Rechtswegverweigerung

Der Kollege Rolf Jürgen Franke hat auf seinem Blog Lichtenrader Notizen auf eine interessante Kleine Anfrage von Cornelia Seibeld (CDU) verwiesen:

„Der 31.12. kommt für die Berliner Gerichte offenbar immer wieder überraschend“

Wir haben am 21.01.2011 für einen Mandanten Klage beim Landgericht Berlin eingereicht. Der Schriftsatz endet mit den Sätzen:

Der Kläger muss davon ausgehen, dass die Beklagte keine Einwände gegen die Forderungen hat und lediglich die Zahlung verzögert, um dem Kläger zu schaden. In Vorgesprächen hat ein Beauftragter der Beklagten darauf verwiesen, dass der Vertragspartner de Klägers ruhig klagen könne, da auf einen vollstreckbaren Titel ca. zwei Jahre gewartet werden müsse.

Diesen Satz hat die Beklagte noch nicht gelesen. Denn die Klage ist ihr bisher nicht zugestellt worden. Die Eingangsregistratur des Gerichtes ist noch mit den Klagen vom Dezember beschäftigt.
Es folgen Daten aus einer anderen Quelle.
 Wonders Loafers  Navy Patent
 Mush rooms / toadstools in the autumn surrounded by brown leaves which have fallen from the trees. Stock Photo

Es handelt sich um ein offensichtliches Organsisationsverschulden der Justiz. Da nach den Geschäftsverteilungsplänen, die ich für einen eklatanten Verstoß gegen das Recht auf den gesetzlichen Richter halte, nicht mehr der Name oder die Sache für die Verteilung auf die Kammern relevant ist, sondern die sogenannten Nummernkreise, kann nur eine Sache nach der anderen in das System eingepflegt werden, es können nicht mehrere Mitarbeiter gleichzeitig die Aktenzeichen vergeben.
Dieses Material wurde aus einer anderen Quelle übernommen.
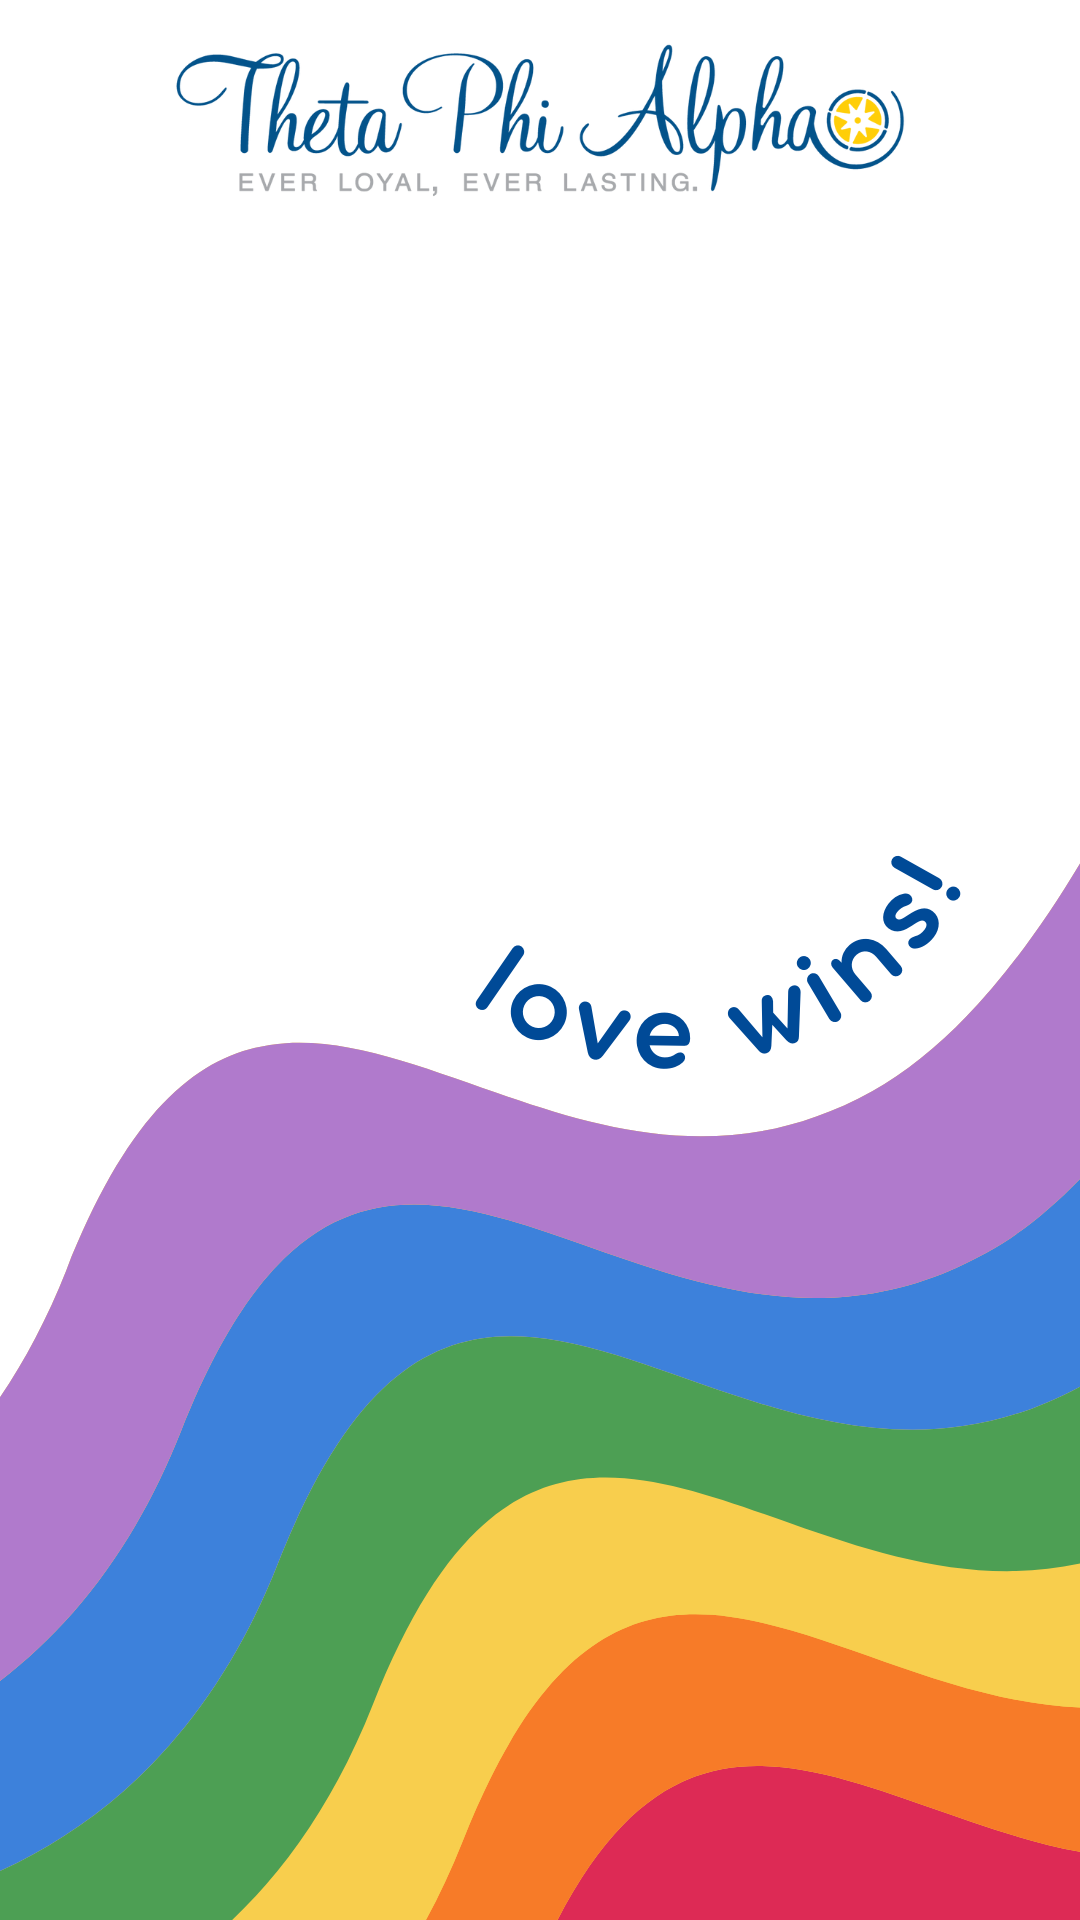 Image contains a white background with the Theta Phi Alpha logo at the top, the words "Love wins!", and a rainbow at the bottom.

In der Antwort der Justizsenatorin sieht das dann so aus:

2. Besteht beispielsweise eine Urlaubssperre für die betroffenen Mitarbeiter z. B. in der Eingangsregistratur?

Zu 2.: Es wurde keine Urlaubssperre für betroffene Mitarbeiterinnen und Mitarbeiter angeordnet. Bei den Amtsgerichten besteht aufgrund der kurzen Bearbeitungszeiten kein Grund für Urlaubssperren. Beim Landgericht können die Bearbeitungszeiten durch Urlaubssperren oder ähnliche Maßnahmen nicht verkürzt werden. Eine eventuell auftretende längere Bearbeitungsdauer beruht auf dem verfassungsmäßigen Gebot des/der gesetzlichen Richters/Richterin. Innerhalb der vom Präsidium des Landgerichts beschlossenen Turnusringe kann jeweils nur eine Mitarbeiterin bzw. ein Mitarbeiter tätig werden. Die Bearbeitungsdauer hängt daher vor allem von der Größe der Turnusringe ab. Dies führt dazu, dass bei Klagen, die nach dem Geschäftsverteilungsplan zu einem großen Turnusring führen, eine Eintragung und damit die Vergabe eines Aktenzeichens länger dauern kann.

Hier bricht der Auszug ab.